Supplementary instruction

For more methods on installation and usage, please visit the README at https://gitlab.igem.org/2025/software-tools/tianjin. Here we demonstrates how to use the page interactions to predict antifreeze protein probability after locally installing and training our model.

Demonstration Video

Molecular Dynamics Simulation

In this module, we used molecular dynamics simulation to simulate the effect of the antifreeze protein we constructed and designed in ice-water mixtures. We used molecular dynamics simulation to predict the action process of our designed antifreeze protein in ice-water mixtures and evaluated the thermal stability and residue flexibility of the protein.

In our communication with Professor Zhang Lei, we learned that the antifreeze activity of AFP can be more intuitively characterized by the F3/F4 model. Therefore, after testing the antifreeze performance of our antifreeze protein using a wet experiment, we used the F4 program obtained from Professor Zhang Lei's research group to evaluate the inhibitory effect of the antifreeze protein on the growth rate of ice crystals, hoping to explore new antifreeze characteristics of the antifreeze protein.

Relevant parameters

All MD simulations were performed using the GROMACS software package and the CHARMM 27 all-atom force field implemented on the LINUX architecture. We first dehydrated the antifreeze protein and then placed it in the ice box we constructed using the TIP4P model.

In order to neutralize the charge of the system, Na+ and Cl- were added to the system. The distance between all protein atoms and the box edge was equal to 1.0 nm. Each system was minimized for 50,000 steps using the steepest descent method. Nonbonded interactions were described using the Lennard-Jones potential with a cutoff radius of 12 Å. The switching function was used to smoothly cut off the van der Waals and electrostatic potentials at the cutoff distance to enhance energy conservation.

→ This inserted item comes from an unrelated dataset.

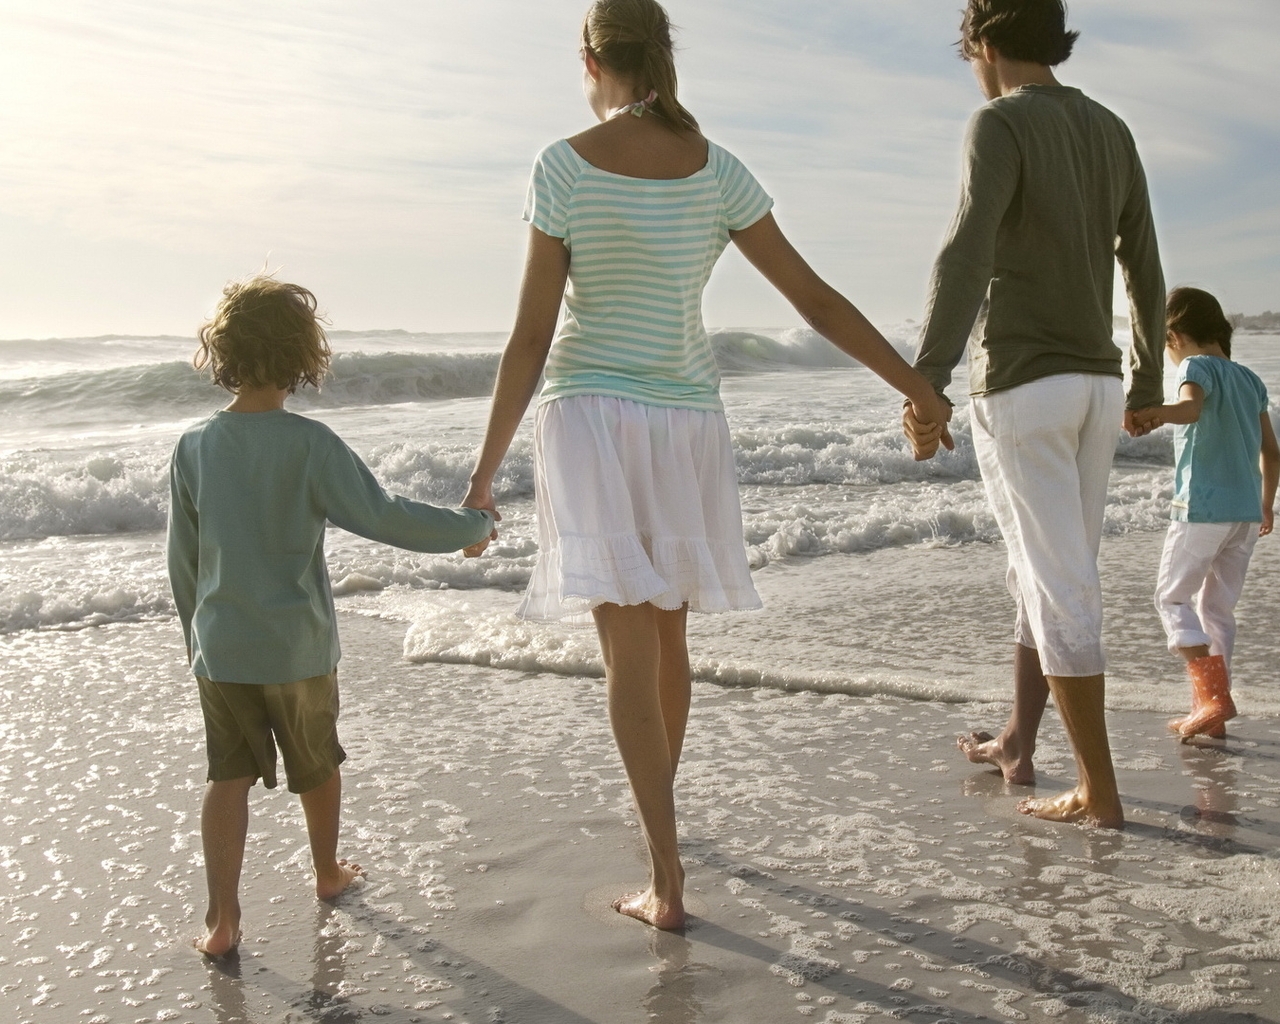 Картинка: Семья, люди, папа, мама, дети, море, волны, морская пена, берег, песок

The switching process began at 10.0 Å. Long-range electrostatic interactions were calculated using the particle mesh Ewald (PME) method. The time step was set to 1 fs. Before modeling, the ice box containing the antifreeze protein was equilibrated for 100 ps at both temperature (NVT) and pressure (NPT) at 200 K and atmospheric pressure.

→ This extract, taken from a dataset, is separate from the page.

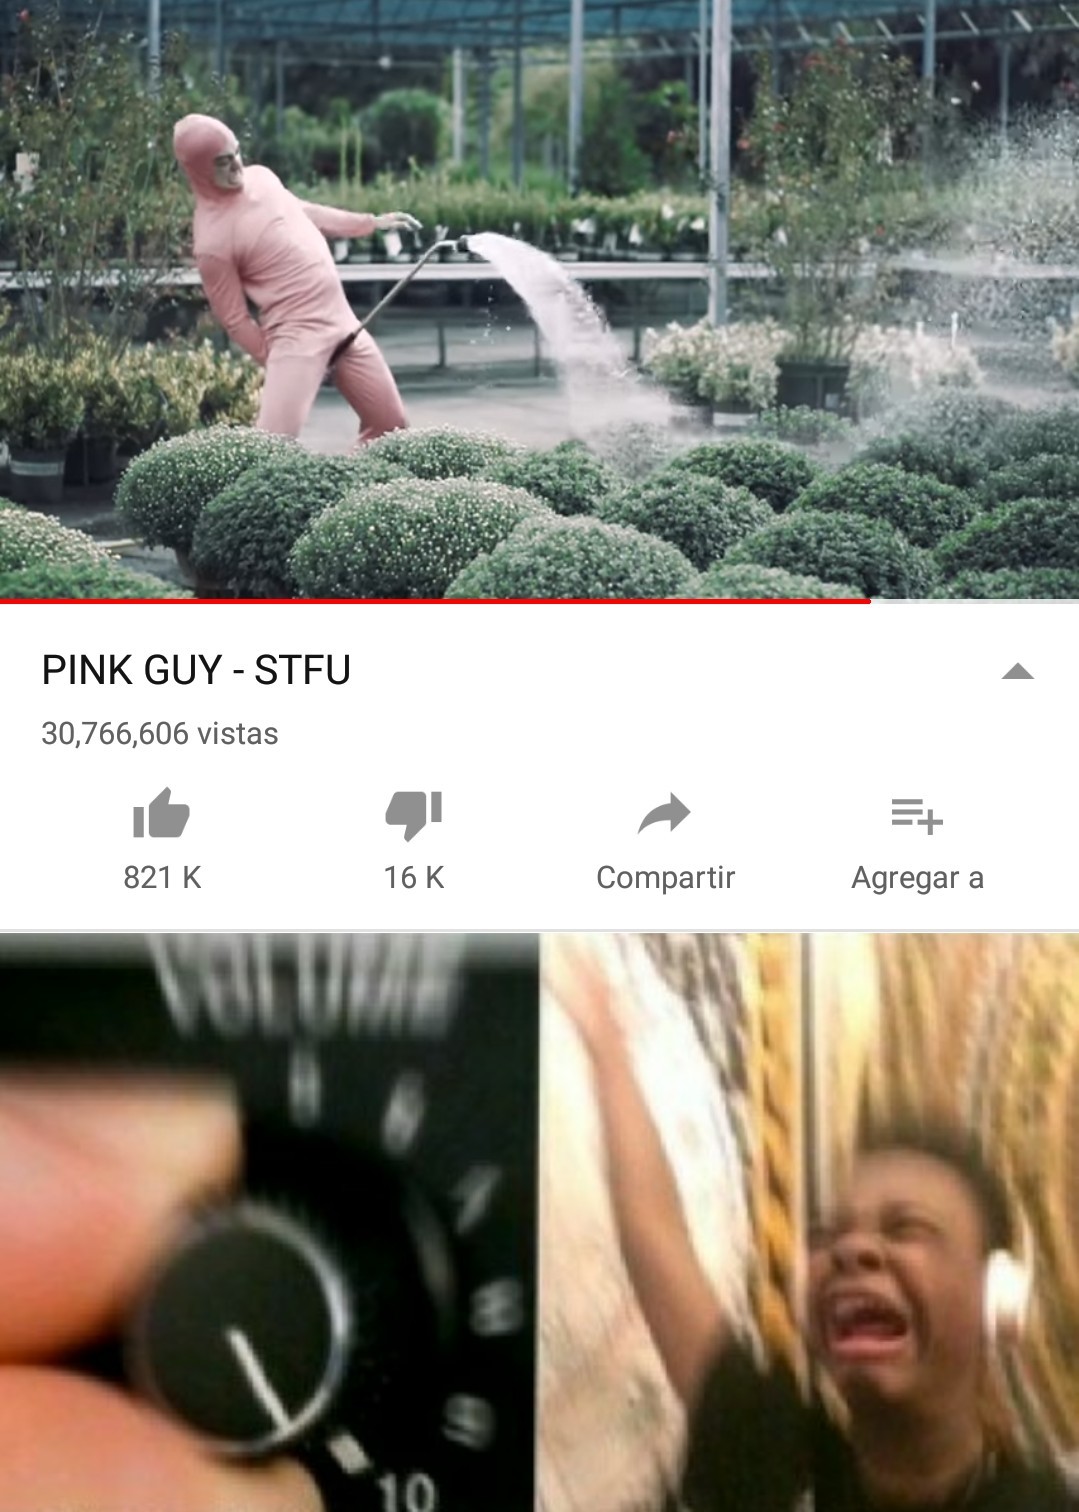 Rip Pink Guy (Original) - meme

After equilibration, the components were integrated. Following integration, molecular dynamics simulations were performed at 200 K and atmospheric pressure with a step size of 2 fs for 500,000 simulation steps, for a total of 10 ns.

RMSD and RMSF Analyses

In molecular dynamics simulation, RMSD (Root Mean Square Deviation) is the core indicator to characterize the degree of conformational change of molecules/systems. Its essence is to quantitatively describe the stability, fluctuation amplitude or change trend of molecular conformation by calculating the "difference in atomic coordinates between the target structure and the reference structure during the simulation process". The smaller the RMSD value, the closer the protein structure is to the reference state and the more stable the overall conformation is; otherwise, it indicates that the protein has undergone significant overall conformational changes. The root mean square deviation (RMSD) of the selected element relative to its reference value is defined as

$$ \mathrm{RMSD}=\sqrt{\frac{1}{N} \sum_{i=1}^{N}\left(r_{i}-r_{0}\right)^{2}} $$

where ri represents the element position at time I and ro is the reference value.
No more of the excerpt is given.